EXERCISE DETAILS:
The whole listing needs to be written out exactly, except for any images.
** INPUT DATA follows **
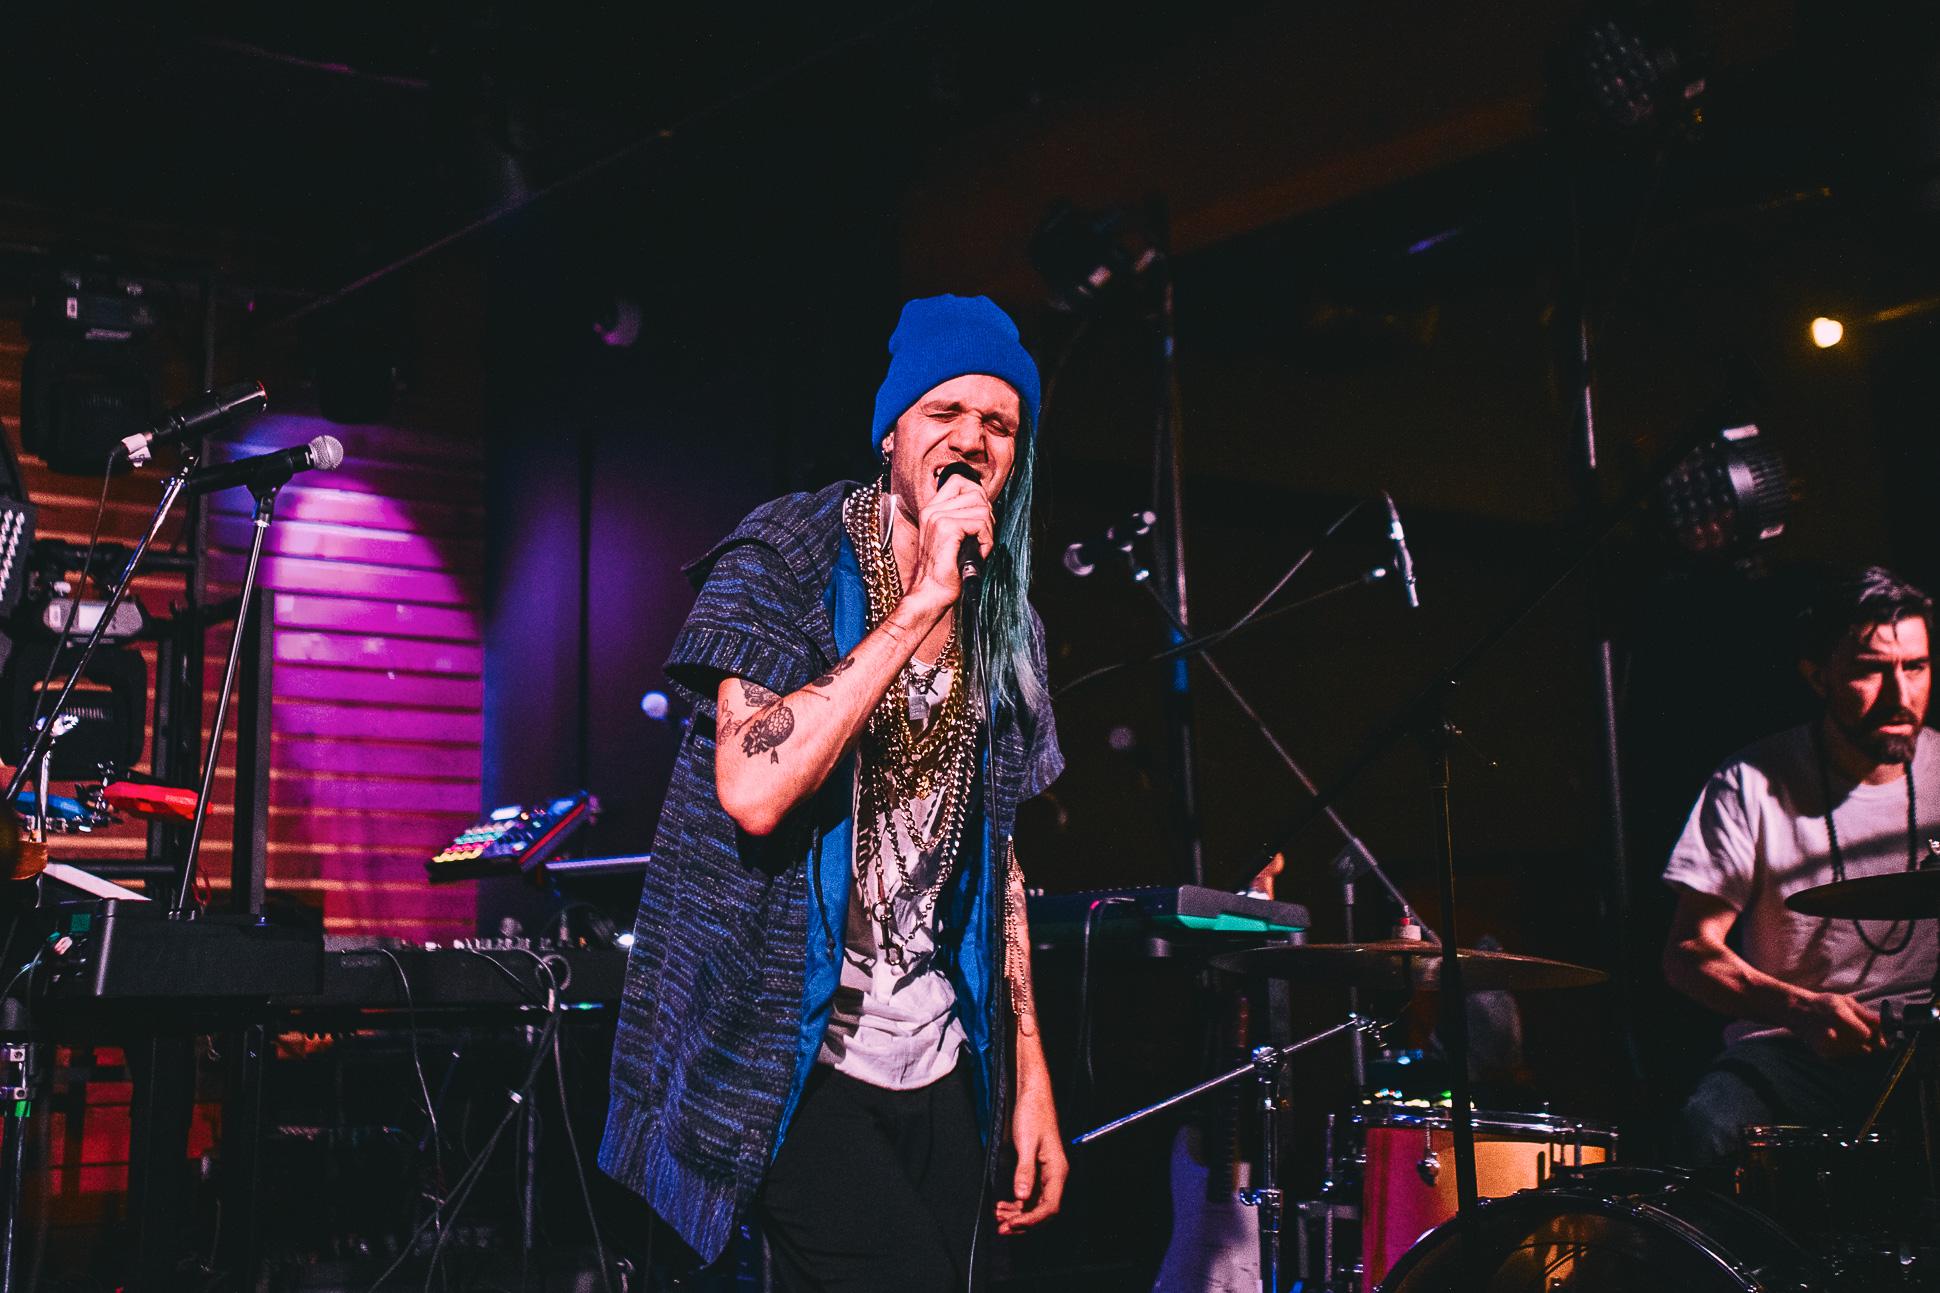 YoungAndSick-FortuneSoundClub-24-01-2019-Vancouver-06.jpg
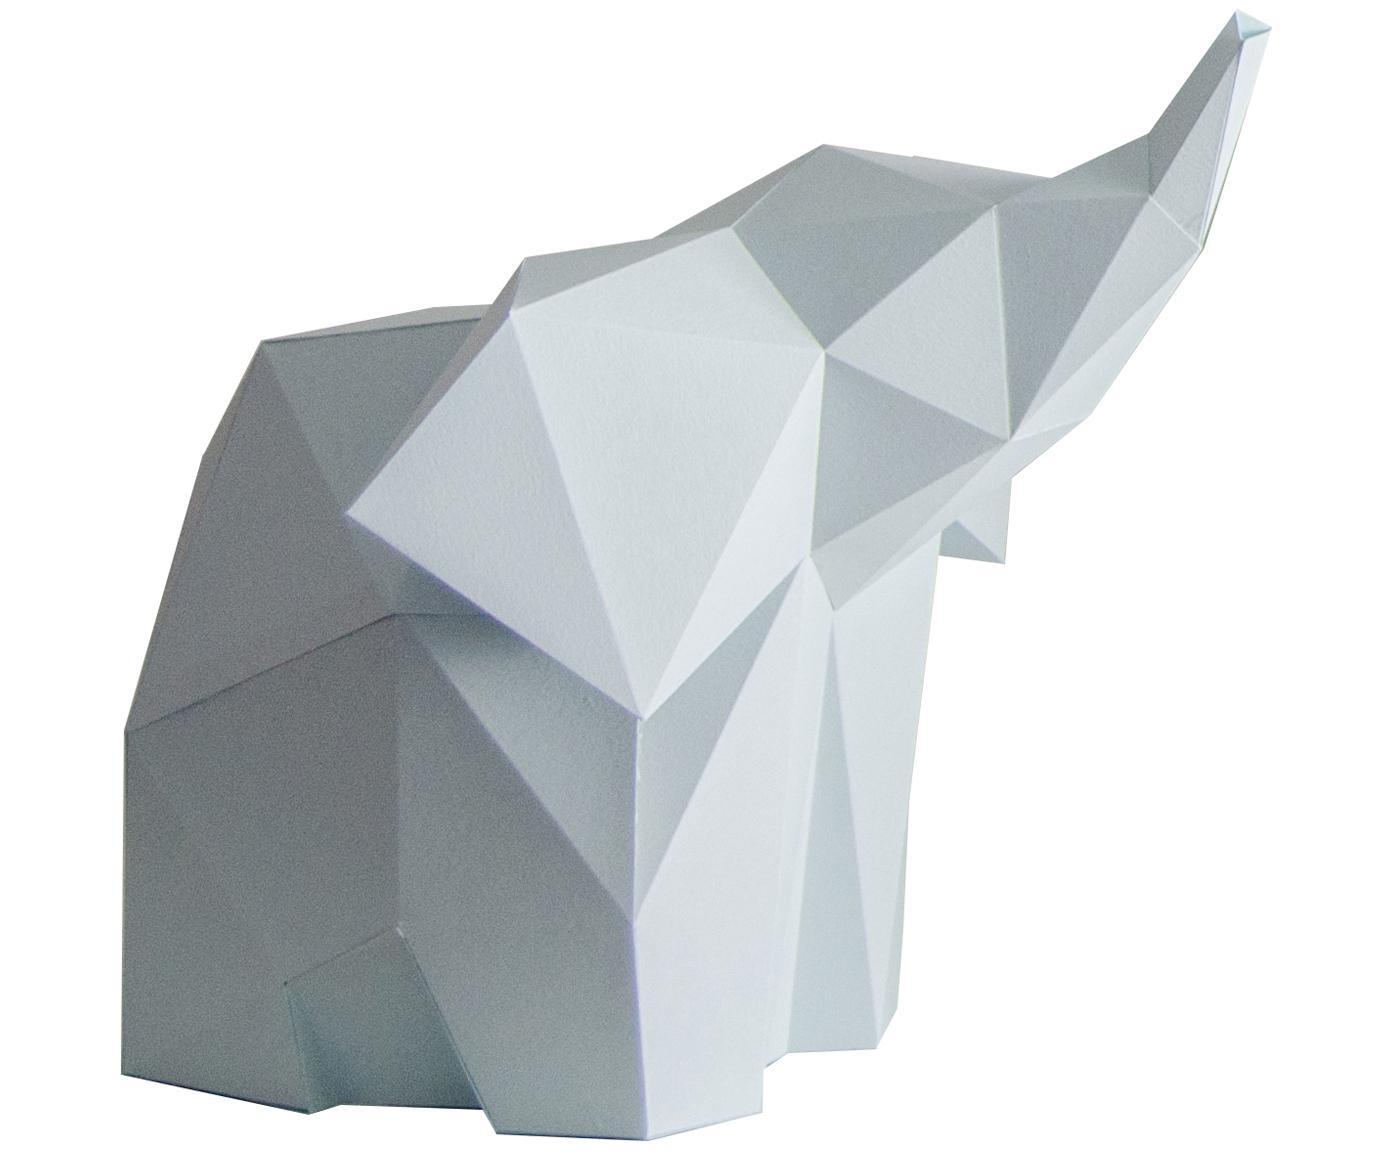 Tafellamp Baby Elephant, bouwpakket van papier, Lampenkap: papier, 160 g/m², Fitting: MDF, kunststof, Lichtblauw, 23 x 24 cm
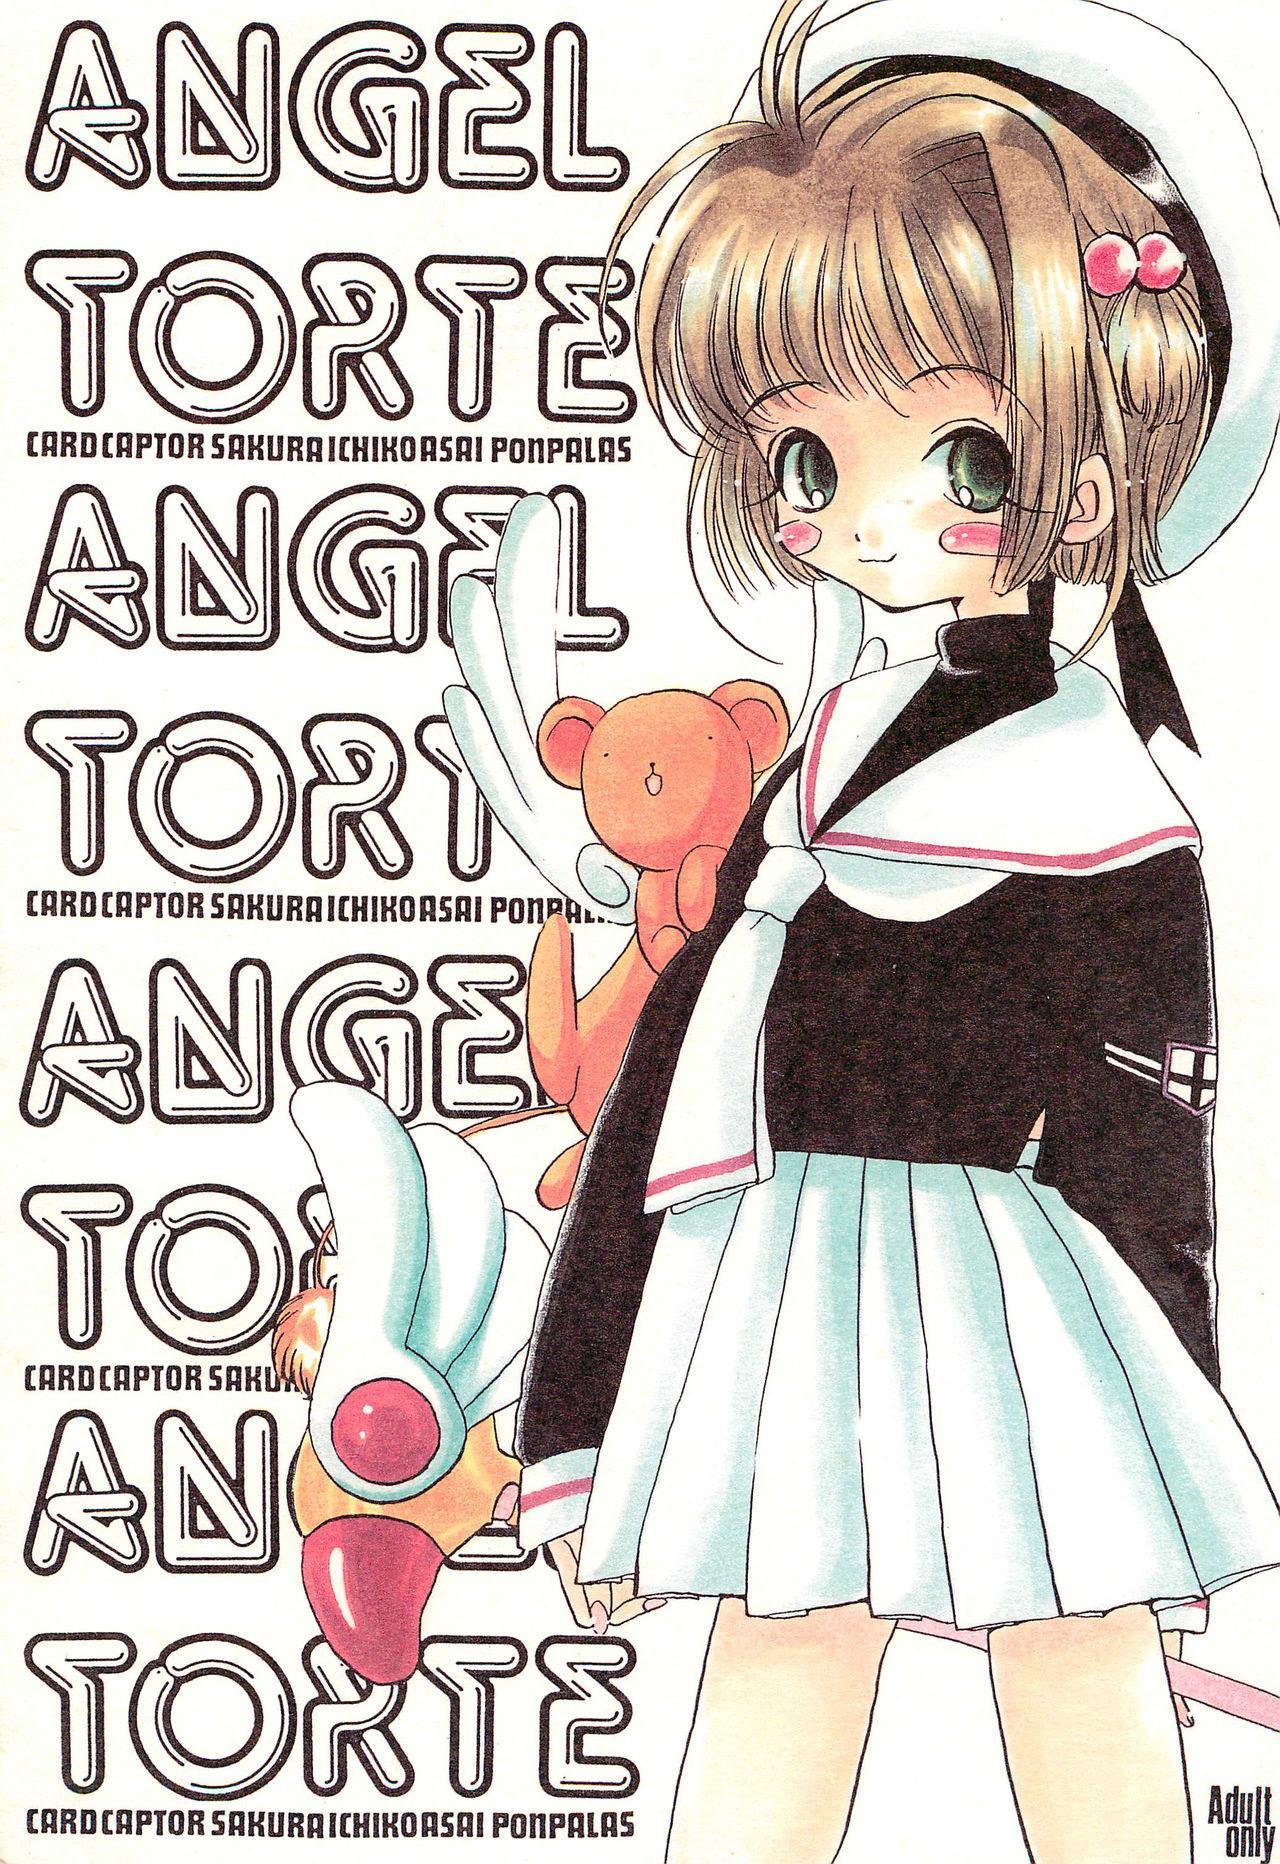 ANGEL TORTE 0
** End of INPUT DATA **
RESPONSE BELOW:
 YoungAndSick-FortuneSoundClub-24-01-2019-Vancouver-06.jpg
 Tafellamp Baby Elephant, bouwpakket van papier, Lampenkap: papier, 160 g/m², Fitting: MDF, kunststof, Lichtblauw, 23 x 24 cm
 ANGEL TORTE 0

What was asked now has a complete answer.